But she did not look ahead. Unlike this new companion, this man of the dusk, whose every sentence, every thought, every action was ulterior, she lived in the moment of excitement, savouring the taste of an experience that was enough in itself. She had no instinct of self-preservation. She had no apprehension. For Steerpike had moved towards her with a gradual and circuitous cunning until the evening came when their hands met involuntarily in the darkness, and neither hand was withdrawn, and from that moment, it seemed to Steerpike that his road to power was clear before him.
And for a long time everything continued to develop in the way he had foreseen, the intimacy of their secret meetings leading them ever more deeply into, as Fuchsia thought, each other’s confidence.
But, with the evil knowledge of the power that was now his, Steerpike, indulging himself in the anticipation of final conquest, made no rash attempt to seduce Fuchsia. He knew that with Fuchsia no longer a virgin, he would have her, if for no other reason than that of simple blackmail, in the palm of his hand. But he was not ready yet. There was a lot to be considered.
As for Fuchsia, it was all so new and tremendous to her that her emotions had enough on which to feed. She was happier than she had ever been in her life.
FIFTY- FOUR
The disappearance of the Earl, Sepulchrave, Titus’ father, and of his sisters, the Twins, and of their terrible and secret ends; the death of Sourdust by burning, and of his son Barquentine by fire and water, what of all this mystery and violence in the eyes of the castle? They had spread themselves, these horrors, over a period of twelve or more years, and although the minds, active in their different ways, of the Countess, the Doctor, and Flay, had, from their different angles, made periodic efforts to discover in the tragedies some common ground, yet no proof of foul play had yet been found which could support their suspicions.
Flay alone knew the grizzly truth about the secret death of his master, Lord Sepulchrave, and of his enemy the gross Swelter whom he had killed. This knowledge he had never divulged.
But his own banishment had been the result of Steerpike’s gesture of disloyalty to his mad master, when the skewbald man was a youth of seventeen or eighteen years, and this disloyalty had remained rooted in Flay’s mind. But of the incarceration and death of the Twins he knew nothing, although, witless of its origins and significance, he had heard their terrible laughter as they died in the hollow halls.
He had strained his brain and memory, as had the Doctor and the Countess, to draw some significant conclusion from the common deaths by fire of the father and son – Sourdust and Barquentine – and from the fact that Steerpike had been the hero of both occasions. Try as they would they were unable to rationalize their suspicions.
And yet there were, over the course of the years, small concrete although disconnected reasons for apprehension. As yet they fitted into no pattern, but they were there, and they were not forgotten.
The Doctor had always been anxious to discover Steerpike’s reason for leaving his service and establishing himself as confidant and retainer of the vacant Twins. His was no mind to find pleasure in such surroundings. His only reason must have been for social advancement or for some darker motive. The identical Twins had disappeared. Their note which Steerpike had found on their table had told of their intention to kill themselves. Prunesquallor had got hold of this note and compared its calligraphy with a letter Irma had once received from them. He compared them in mirrors – he devoted an entire evening to their scrutiny. It seemed that they were by the same hand, the formation of letters big and round and uncertain as a child’s.
But the Doctor had known these retarded women for many years and he did not believe, for all the oddness of their thwarted natures, that they would ever take their own lives.

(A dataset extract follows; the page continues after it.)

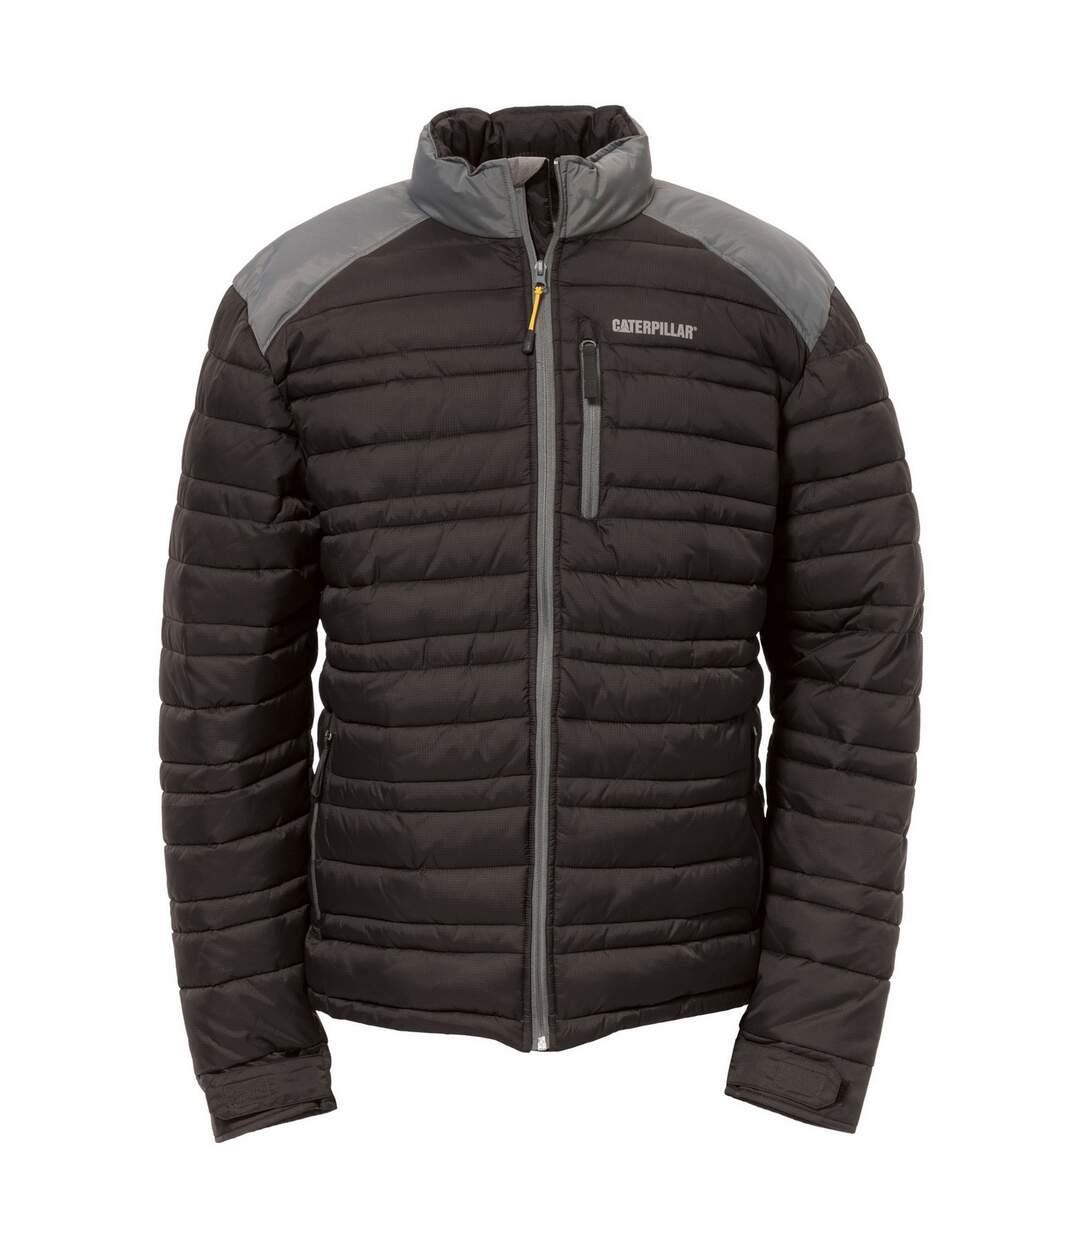 Caterpillar Mens Defender Insulated Zip Up Jacket (Black) - UTFS4023

Nor did the Countess believe that they were capable of making an end to themselves. Their puerile ambition and vanity – and their only too obvious longing to assume, one day, the roles in which they were always seeing themselves, the roles of ladies, great and splendid, bedecked with jewels, precluded any such idea as suicide. But there was no proof either way.

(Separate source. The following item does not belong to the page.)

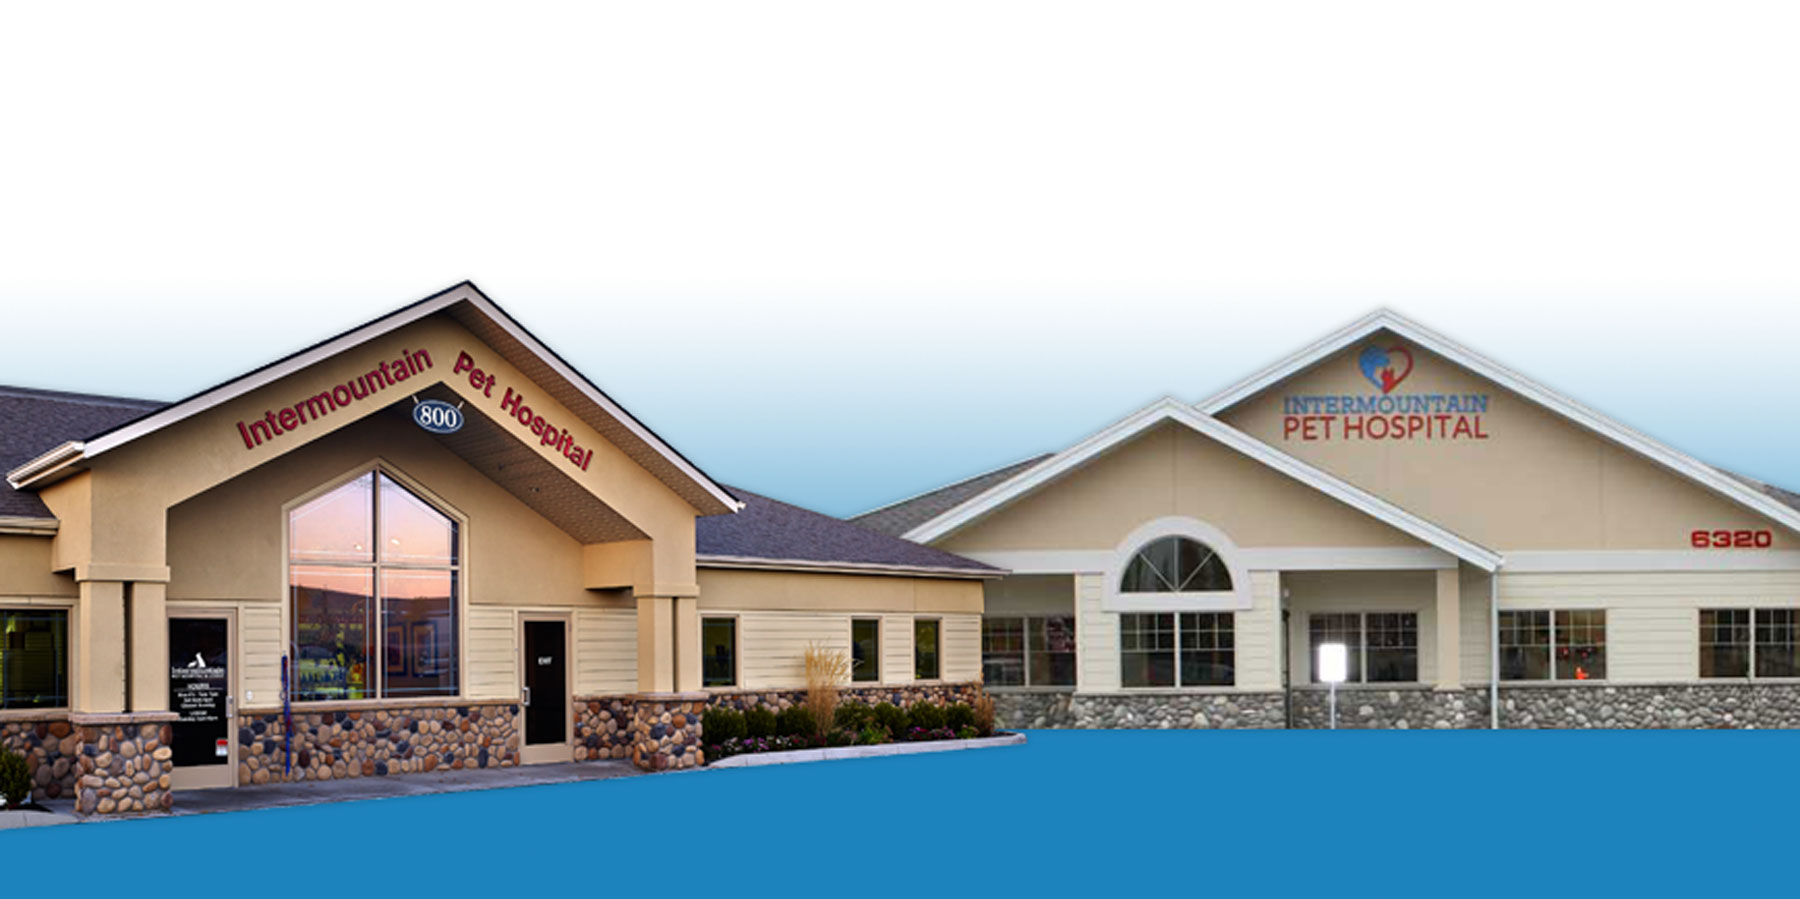 Now 2 Intermountain Pet Hospital Locations

The Doctor had told the Countess of Steerpike’s delirious cry ‘And the twins will make it five!’ She had stared out of the window of her room.
‘Five what?’ she had said.
‘Exactly,’ said the Doctor. ‘Five what?’
‘Five enigmas,’ she answered heavily, without a change of expression.
‘And what are they, your ladyship? Do you mean five …?’
She interrupted him heavily. ‘The Earl, my husband,’ she said. ‘Vanished. One. His sisters, vanished: two. Swelter, vanished: three. Sourdust and Barquentine, burned: five …’
‘But the deaths of Sourdust and Barquentine were hardly enigmatic …’
‘One wouldn’t be. Two would,’ said the Countess. ‘And the youth at them both.’
‘The youth?’ queried the Doctor.
‘Steerpike,’ said the Countess.
‘Ah,’ said the Doctor, ‘we have the same fears.’
‘We have,’ said the Countess. ‘I am waiting.’
The Doctor thought of Fuchsia’s poem:
‘But your ladyship,’ he said – she was still staring through the window. The words “And the Twins will make it five” suggest to me that their ladyships Cora and Clarice would make two of the group he had in his delirious mind. He was making a list of individuals, in his fever, I will stake my brightest penny.’